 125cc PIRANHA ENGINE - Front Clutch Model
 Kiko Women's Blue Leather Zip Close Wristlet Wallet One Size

* * *

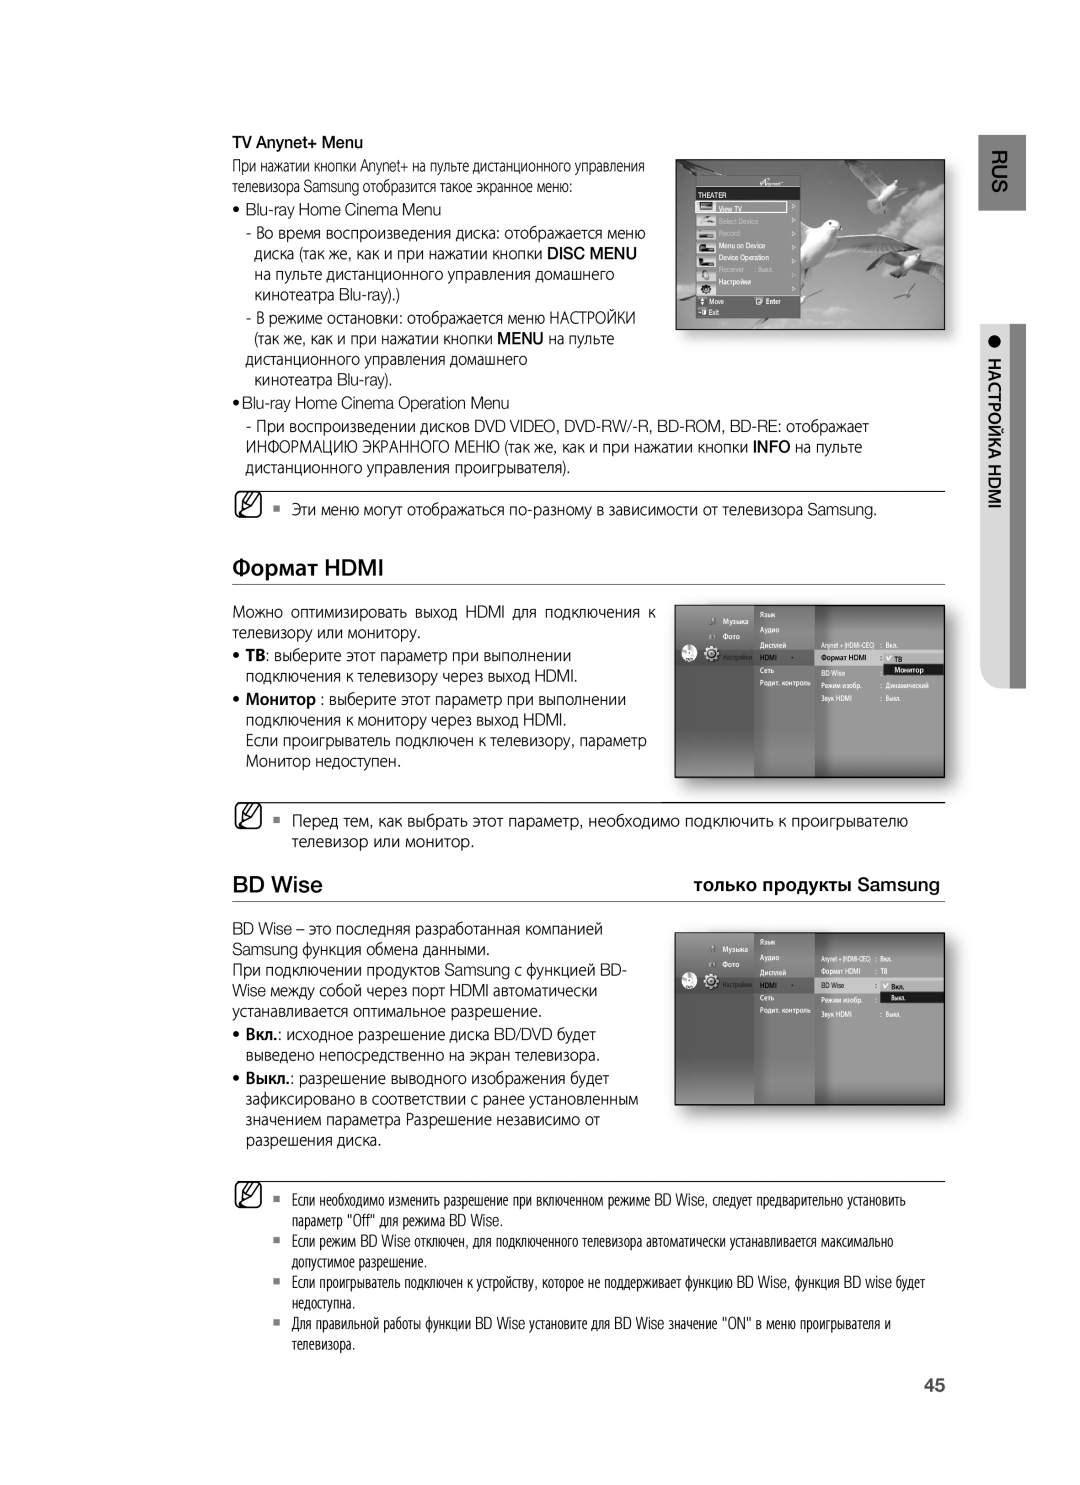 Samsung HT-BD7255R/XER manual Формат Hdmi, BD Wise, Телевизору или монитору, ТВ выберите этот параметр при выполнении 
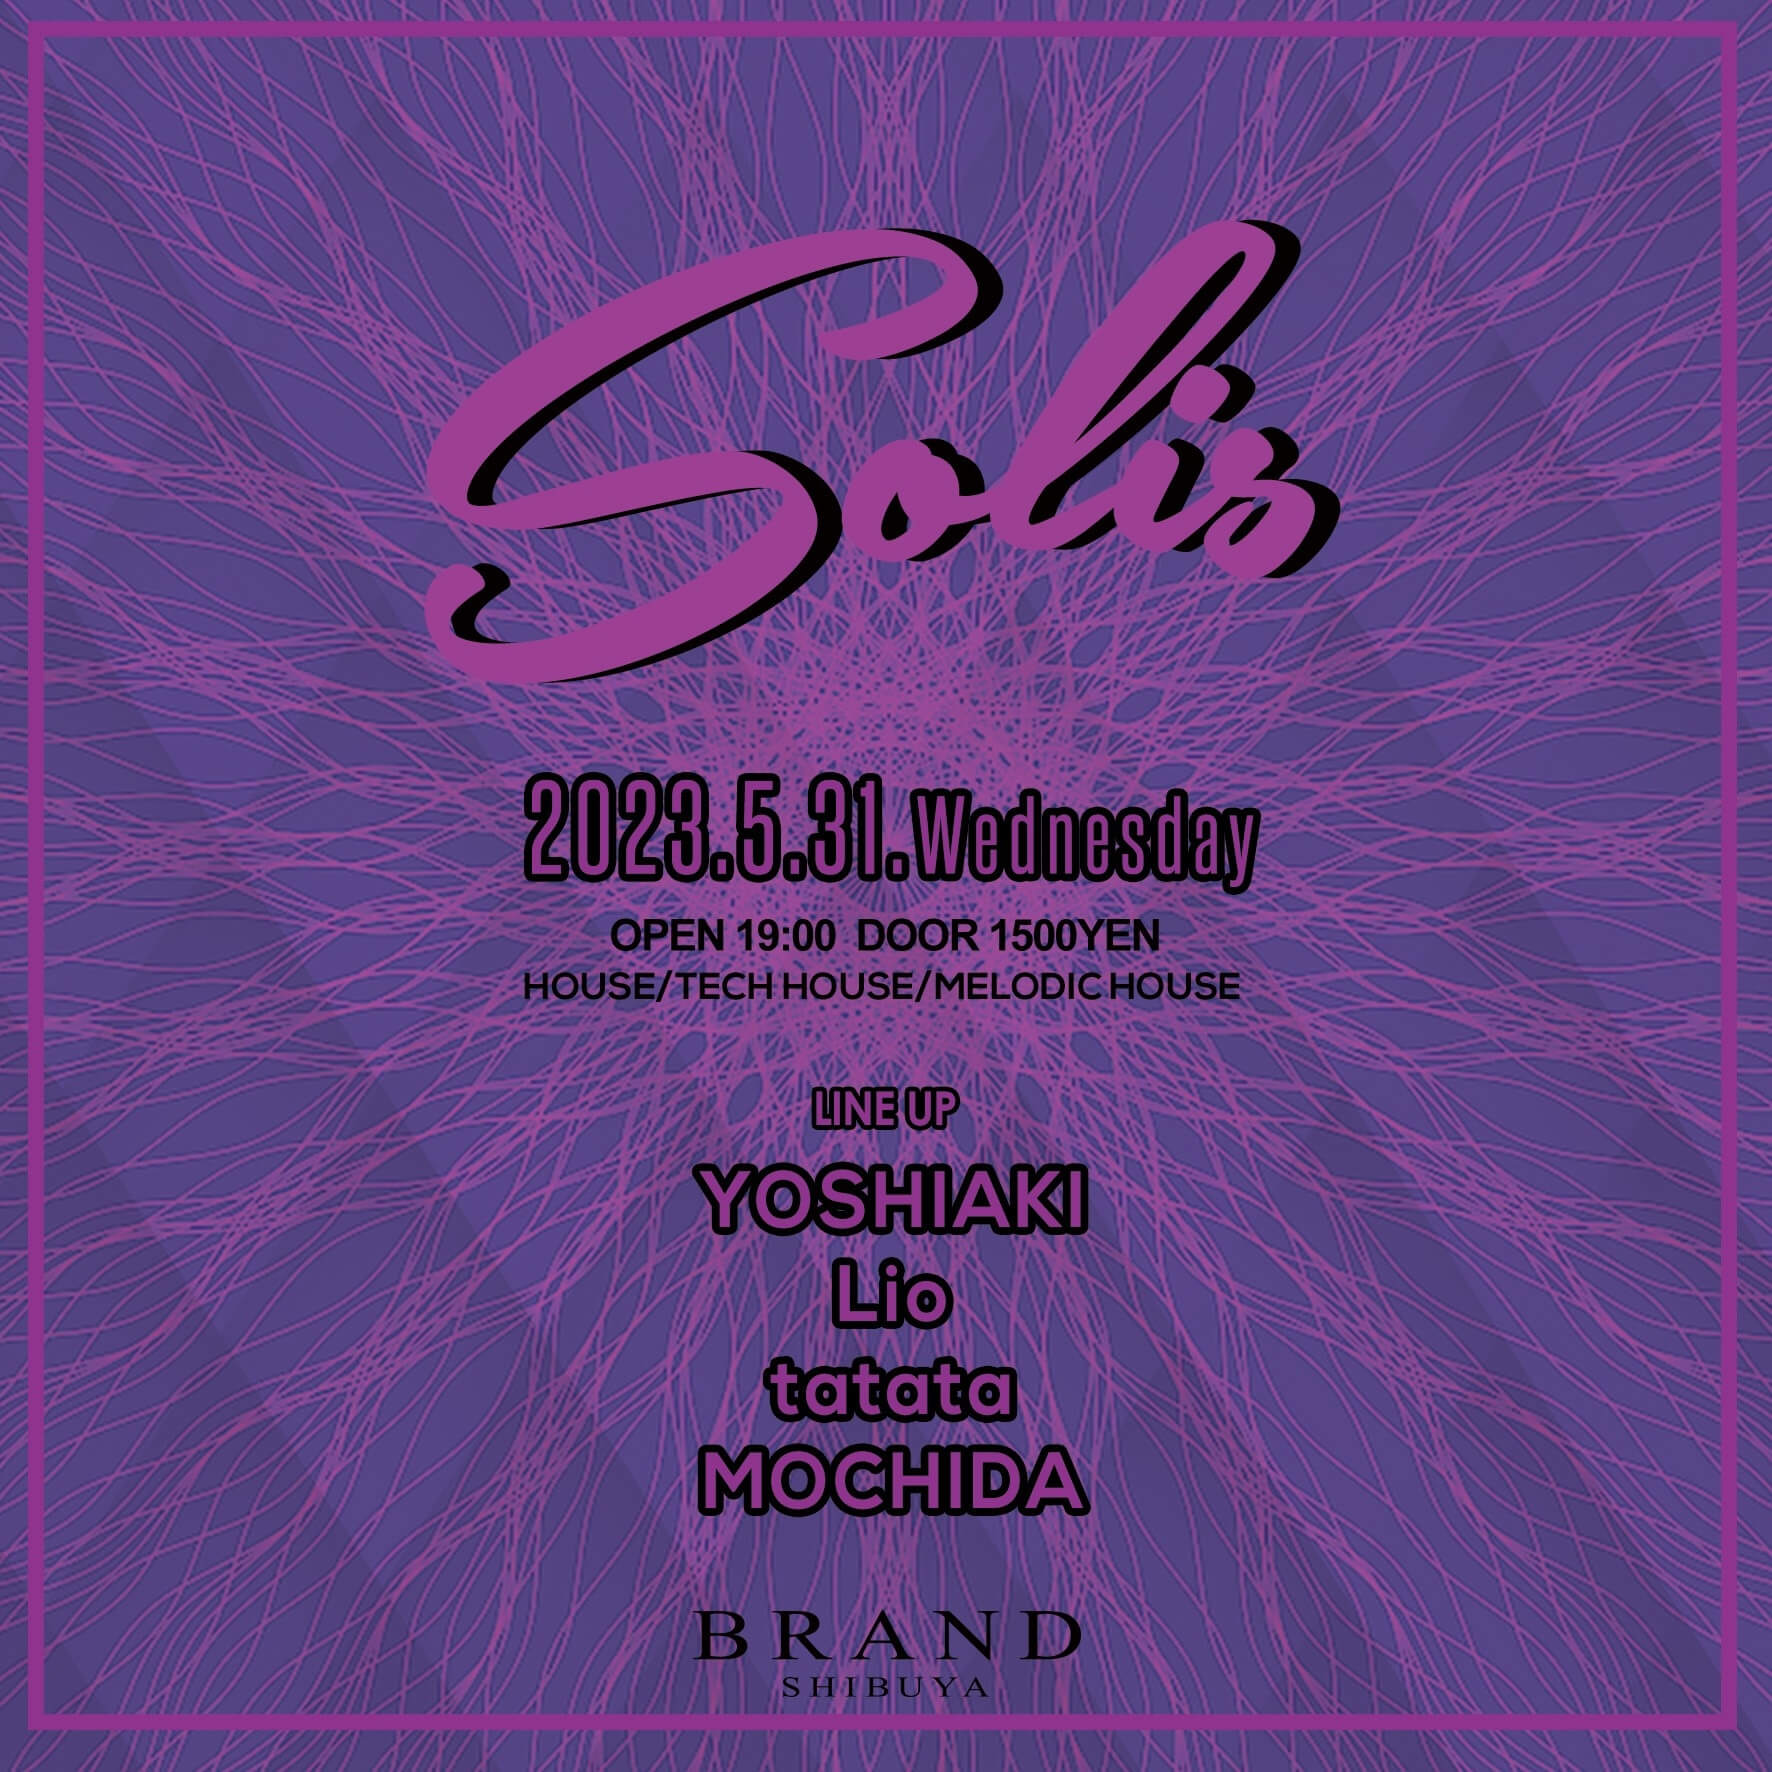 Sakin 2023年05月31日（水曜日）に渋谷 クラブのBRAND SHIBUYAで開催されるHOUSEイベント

**What to produce**
In the data above, the stretch from the line with "Samsung HT-BD7255R/XER manual" through the line with "Sakin 2023年05月31日（水曜日）に渋谷 クラブのBRAND" is to be returned exactly, minus any pictures.

**Answer for the task**
 Samsung HT-BD7255R/XER manual Формат Hdmi, BD Wise, Телевизору или монитору, ТВ выберите этот параметр при выполнении 
 Sakin 2023年05月31日（水曜日）に渋谷 クラブのBRAND SHIBUYAで開催されるHOUSEイベント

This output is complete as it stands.